[Data extracts]
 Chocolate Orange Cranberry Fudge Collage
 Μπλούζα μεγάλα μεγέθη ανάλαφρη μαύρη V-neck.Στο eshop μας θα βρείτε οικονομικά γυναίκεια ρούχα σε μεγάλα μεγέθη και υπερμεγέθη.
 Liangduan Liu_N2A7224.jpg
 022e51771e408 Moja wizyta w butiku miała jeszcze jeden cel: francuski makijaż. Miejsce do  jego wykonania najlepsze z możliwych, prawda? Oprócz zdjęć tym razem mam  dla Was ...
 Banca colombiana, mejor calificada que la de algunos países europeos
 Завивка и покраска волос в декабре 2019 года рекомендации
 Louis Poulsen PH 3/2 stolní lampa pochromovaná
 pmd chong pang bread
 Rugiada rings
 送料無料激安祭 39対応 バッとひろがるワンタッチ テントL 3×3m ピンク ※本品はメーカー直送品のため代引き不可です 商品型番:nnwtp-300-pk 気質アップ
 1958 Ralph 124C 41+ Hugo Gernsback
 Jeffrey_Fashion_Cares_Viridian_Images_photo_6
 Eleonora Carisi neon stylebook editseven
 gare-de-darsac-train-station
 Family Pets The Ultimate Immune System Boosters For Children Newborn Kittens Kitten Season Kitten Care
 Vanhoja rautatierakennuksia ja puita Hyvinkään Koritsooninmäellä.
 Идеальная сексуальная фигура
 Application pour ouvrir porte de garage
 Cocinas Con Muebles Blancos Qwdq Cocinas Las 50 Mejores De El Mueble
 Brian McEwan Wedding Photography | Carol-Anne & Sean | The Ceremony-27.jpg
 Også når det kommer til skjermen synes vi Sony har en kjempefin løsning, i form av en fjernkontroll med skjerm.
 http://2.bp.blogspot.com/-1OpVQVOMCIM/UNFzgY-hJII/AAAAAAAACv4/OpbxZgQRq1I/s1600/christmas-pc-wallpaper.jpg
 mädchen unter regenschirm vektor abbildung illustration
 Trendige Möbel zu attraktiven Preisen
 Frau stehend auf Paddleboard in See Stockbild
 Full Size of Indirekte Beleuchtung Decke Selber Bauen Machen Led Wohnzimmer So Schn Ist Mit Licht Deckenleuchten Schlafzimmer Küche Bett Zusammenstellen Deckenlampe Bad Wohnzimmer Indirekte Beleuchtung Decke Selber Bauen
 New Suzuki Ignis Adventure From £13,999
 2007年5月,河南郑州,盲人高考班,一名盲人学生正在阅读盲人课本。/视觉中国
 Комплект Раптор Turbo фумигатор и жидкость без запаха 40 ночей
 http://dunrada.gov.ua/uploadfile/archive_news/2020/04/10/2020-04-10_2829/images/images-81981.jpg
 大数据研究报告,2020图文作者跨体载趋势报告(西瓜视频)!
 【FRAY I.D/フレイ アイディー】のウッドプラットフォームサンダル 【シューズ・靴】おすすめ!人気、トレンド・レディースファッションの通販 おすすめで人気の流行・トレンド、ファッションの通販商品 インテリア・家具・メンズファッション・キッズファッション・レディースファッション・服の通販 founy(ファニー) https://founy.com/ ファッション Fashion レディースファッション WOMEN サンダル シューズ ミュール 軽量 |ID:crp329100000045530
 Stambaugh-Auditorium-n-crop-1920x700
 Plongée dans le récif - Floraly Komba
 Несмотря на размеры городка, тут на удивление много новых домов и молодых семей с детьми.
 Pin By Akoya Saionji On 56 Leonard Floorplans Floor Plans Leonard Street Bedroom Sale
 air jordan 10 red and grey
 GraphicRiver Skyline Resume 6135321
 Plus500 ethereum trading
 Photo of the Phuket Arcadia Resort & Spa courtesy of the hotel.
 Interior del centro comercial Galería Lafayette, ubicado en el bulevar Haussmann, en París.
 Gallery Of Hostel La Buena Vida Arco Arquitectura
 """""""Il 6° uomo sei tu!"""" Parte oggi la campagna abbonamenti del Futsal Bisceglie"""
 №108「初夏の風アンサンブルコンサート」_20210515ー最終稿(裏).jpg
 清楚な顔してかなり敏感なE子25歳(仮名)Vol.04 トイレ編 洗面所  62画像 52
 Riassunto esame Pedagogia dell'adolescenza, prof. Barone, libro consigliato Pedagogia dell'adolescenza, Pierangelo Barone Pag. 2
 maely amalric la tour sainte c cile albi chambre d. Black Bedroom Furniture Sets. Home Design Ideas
[/Data extracts]
__Assignment__.
Could you output exactly the lines from the one containing "Interior del centro" to the end of the entries above, both included, and no others?

__Result of this task__.
 Interior del centro comercial Galería Lafayette, ubicado en el bulevar Haussmann, en París.
 Gallery Of Hostel La Buena Vida Arco Arquitectura
 """""""Il 6° uomo sei tu!"""" Parte oggi la campagna abbonamenti del Futsal Bisceglie"""
 №108「初夏の風アンサンブルコンサート」_20210515ー最終稿(裏).jpg
 清楚な顔してかなり敏感なE子25歳(仮名)Vol.04 トイレ編 洗面所  62画像 52
 Riassunto esame Pedagogia dell'adolescenza, prof. Barone, libro consigliato Pedagogia dell'adolescenza, Pierangelo Barone Pag. 2
 maely amalric la tour sainte c cile albi chambre d. Black Bedroom Furniture Sets. Home Design Ideas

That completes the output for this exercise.